▼
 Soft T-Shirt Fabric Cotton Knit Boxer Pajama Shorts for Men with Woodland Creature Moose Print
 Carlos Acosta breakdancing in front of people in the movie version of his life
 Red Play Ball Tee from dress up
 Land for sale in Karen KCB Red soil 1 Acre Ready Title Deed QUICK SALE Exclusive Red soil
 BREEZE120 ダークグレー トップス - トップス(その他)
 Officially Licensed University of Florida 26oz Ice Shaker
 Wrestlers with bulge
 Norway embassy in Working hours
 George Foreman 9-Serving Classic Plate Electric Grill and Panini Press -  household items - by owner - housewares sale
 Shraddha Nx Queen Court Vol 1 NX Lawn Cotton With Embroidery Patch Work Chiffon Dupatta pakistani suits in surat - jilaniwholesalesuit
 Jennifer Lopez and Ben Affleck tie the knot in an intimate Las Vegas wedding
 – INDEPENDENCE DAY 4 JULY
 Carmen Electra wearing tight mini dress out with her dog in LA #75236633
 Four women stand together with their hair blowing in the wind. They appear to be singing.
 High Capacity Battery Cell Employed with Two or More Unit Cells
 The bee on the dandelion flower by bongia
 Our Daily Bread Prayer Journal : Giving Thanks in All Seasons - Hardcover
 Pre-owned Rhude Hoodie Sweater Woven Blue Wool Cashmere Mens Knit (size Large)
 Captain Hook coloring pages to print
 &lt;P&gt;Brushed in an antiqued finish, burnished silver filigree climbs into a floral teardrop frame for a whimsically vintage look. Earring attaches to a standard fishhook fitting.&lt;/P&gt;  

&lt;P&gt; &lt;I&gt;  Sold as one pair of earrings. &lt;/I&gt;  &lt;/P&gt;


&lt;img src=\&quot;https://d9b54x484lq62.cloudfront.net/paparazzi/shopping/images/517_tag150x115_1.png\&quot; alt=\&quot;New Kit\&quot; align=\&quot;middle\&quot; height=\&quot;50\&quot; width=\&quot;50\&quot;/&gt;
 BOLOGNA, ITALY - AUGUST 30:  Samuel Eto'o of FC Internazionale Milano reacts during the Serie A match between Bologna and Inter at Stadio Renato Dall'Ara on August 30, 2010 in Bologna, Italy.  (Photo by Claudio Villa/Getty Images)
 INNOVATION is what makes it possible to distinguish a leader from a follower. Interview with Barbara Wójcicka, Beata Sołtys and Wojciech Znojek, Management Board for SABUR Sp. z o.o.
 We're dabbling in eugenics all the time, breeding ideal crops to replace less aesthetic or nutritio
▲
→ **What is expected**
The full listing above should be retyped without any alteration.

→ **Exercise result**
 Soft T-Shirt Fabric Cotton Knit Boxer Pajama Shorts for Men with Woodland Creature Moose Print
 Carlos Acosta breakdancing in front of people in the movie version of his life
 Red Play Ball Tee from dress up
 Land for sale in Karen KCB Red soil 1 Acre Ready Title Deed QUICK SALE Exclusive Red soil
 BREEZE120 ダークグレー トップス - トップス(その他)
 Officially Licensed University of Florida 26oz Ice Shaker
 Wrestlers with bulge
 Norway embassy in Working hours
 George Foreman 9-Serving Classic Plate Electric Grill and Panini Press -  household items - by owner - housewares sale
 Shraddha Nx Queen Court Vol 1 NX Lawn Cotton With Embroidery Patch Work Chiffon Dupatta pakistani suits in surat - jilaniwholesalesuit
 Jennifer Lopez and Ben Affleck tie the knot in an intimate Las Vegas wedding
 – INDEPENDENCE DAY 4 JULY
 Carmen Electra wearing tight mini dress out with her dog in LA #75236633
 Four women stand together with their hair blowing in the wind. They appear to be singing.
 High Capacity Battery Cell Employed with Two or More Unit Cells
 The bee on the dandelion flower by bongia
 Our Daily Bread Prayer Journal : Giving Thanks in All Seasons - Hardcover
 Pre-owned Rhude Hoodie Sweater Woven Blue Wool Cashmere Mens Knit (size Large)
 Captain Hook coloring pages to print
 &lt;P&gt;Brushed in an antiqued finish, burnished silver filigree climbs into a floral teardrop frame for a whimsically vintage look. Earring attaches to a standard fishhook fitting.&lt;/P&gt;  

&lt;P&gt; &lt;I&gt;  Sold as one pair of earrings. &lt;/I&gt;  &lt;/P&gt;


&lt;img src=\&quot;https://d9b54x484lq62.cloudfront.net/paparazzi/shopping/images/517_tag150x115_1.png\&quot; alt=\&quot;New Kit\&quot; align=\&quot;middle\&quot; height=\&quot;50\&quot; width=\&quot;50\&quot;/&gt;
 BOLOGNA, ITALY - AUGUST 30:  Samuel Eto'o of FC Internazionale Milano reacts during the Serie A match between Bologna and Inter at Stadio Renato Dall'Ara on August 30, 2010 in Bologna, Italy.  (Photo by Claudio Villa/Getty Images)
 INNOVATION is what makes it possible to distinguish a leader from a follower. Interview with Barbara Wójcicka, Beata Sołtys and Wojciech Znojek, Management Board for SABUR Sp. z o.o.
 We're dabbling in eugenics all the time, breeding ideal crops to replace less aesthetic or nutritio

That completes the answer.